I do all of the shopping, cooking and laundry. I fortunately have a
once a week housekeeper that does an excellent job, else we would
be living in a pig sty.
The point of my post is that Florida has a Department of Elder Affairs.
I suspect that most states have a similar organization at the state level.
A few months ago, I decided that I could not go on indefinitely without
help and after a bit of googliing I contacted the Department of Elder
Affairs. I was pleasantly surprised to learn they are extremely well
organized and well connected with the Department of Children and
Families (DCF) that is the source of management and funding for
all state managed family support functions. They're the same people
that manage food stamps and medicaid.
The screening and approval cycle can be quite lengthy unless one
is computer literate, but in my case, I cut it to a little over two weeks
by utilizing my online correspondence, and personal copying and FAX
facilities.
I was given a list of support companies under contract to DCF and
required to choose one as my ongoing support agency and manager.
The type/kinds of support vary from company to company, but I was
also given a spreadsheet like matrix from which to compare them and
choose the one that most nearly meets my requirements. I will meet
with the assigned personal care manager next Monday to work out
the details of my requirements and set up a schedule. I expect to get
help with personal hygiene for my wife, laundry and oversight of
our medications. I will also get some 'respite' help. I think that means
baby sitter service while I get some time off.

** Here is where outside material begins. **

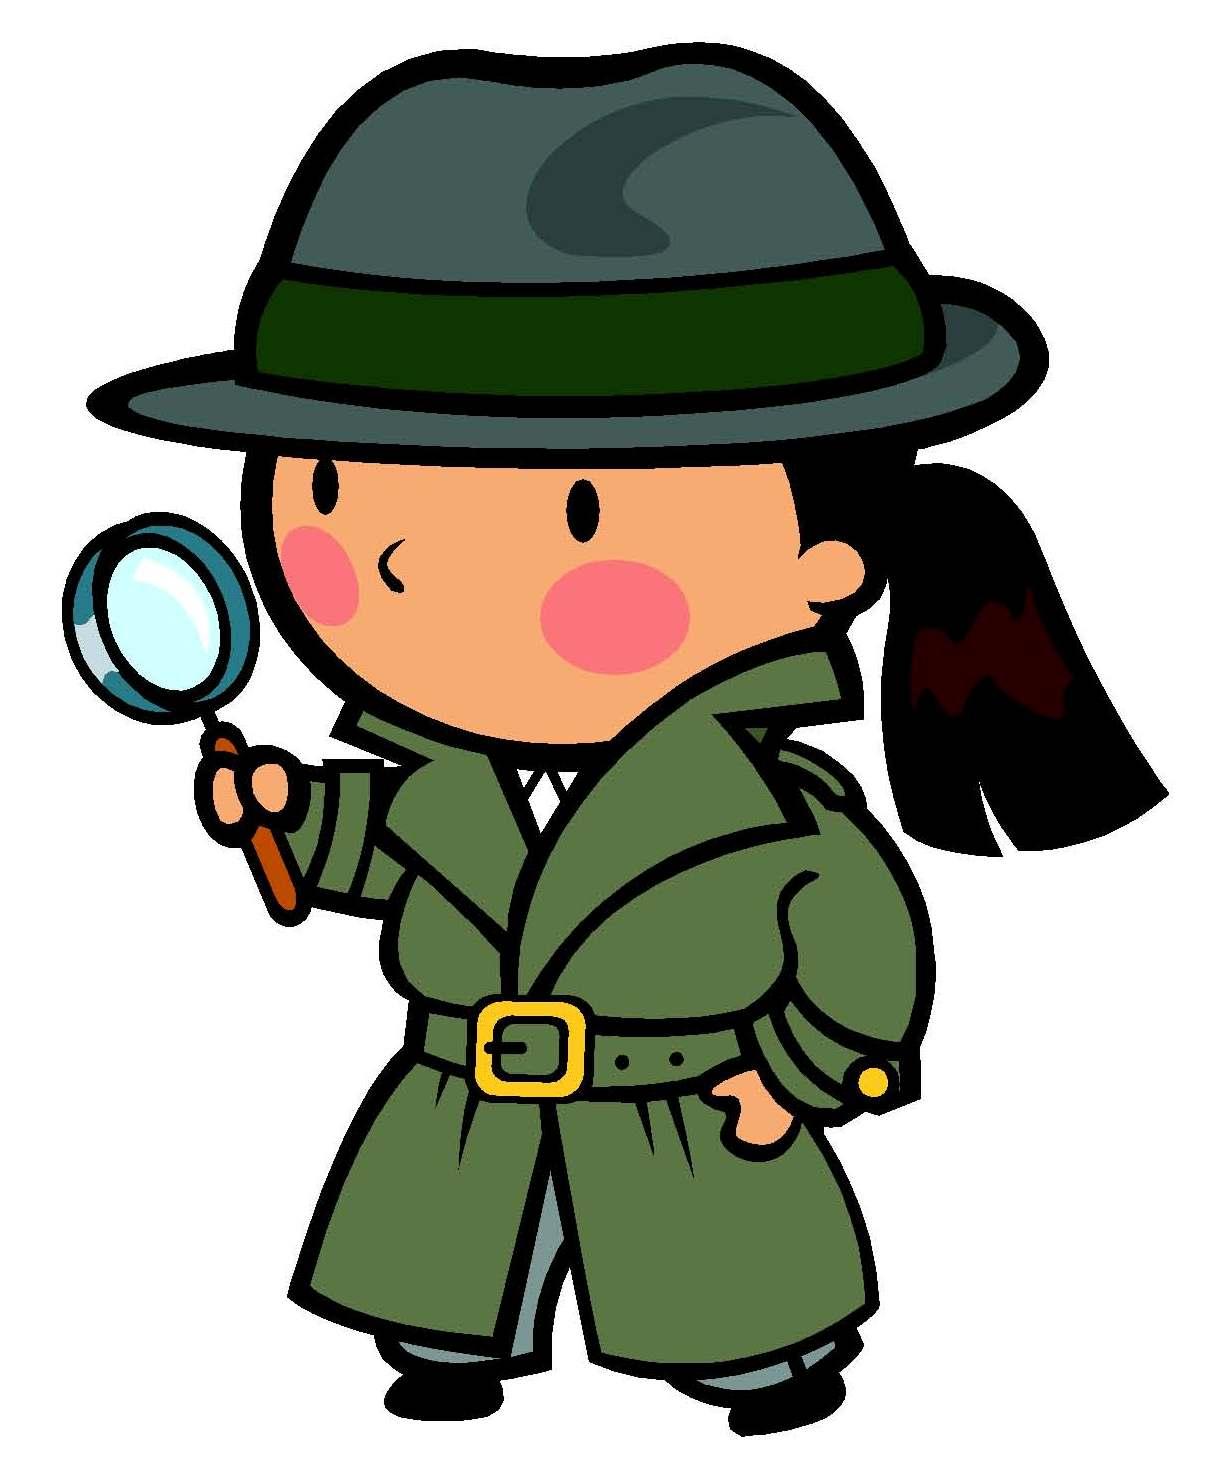 kid-detective-clipart-Detective-Girl.jpg

I encourage anyone needing such support to search out your state
department of consumer affairs and work from there. You don't
have to be financially destitute to get help. You don't have to give
up your house or car or even your satelllite TV.
--
Brick said that
"Brick" <hrbr...@NOSPAMverizon.net> wrote in message
news:G5SNm.5986$kY2....@newsfe01.iad...
You, sir, are a prince! I realize it even if your wife cannot. Blessings
to you and to her.
Ken Bland
No one can imagine what being a caregiver for Alzheimer's patient is
like unless they have experienced it. That is why I found (and still
find) comfort in this newsgroup.
My mother talked of being cold (instead of hot as your wife does) and it
was 90+ degrees outside. I always had to keep the A/C off or turned
high and bundled her up. She complained of her head "feeling bad".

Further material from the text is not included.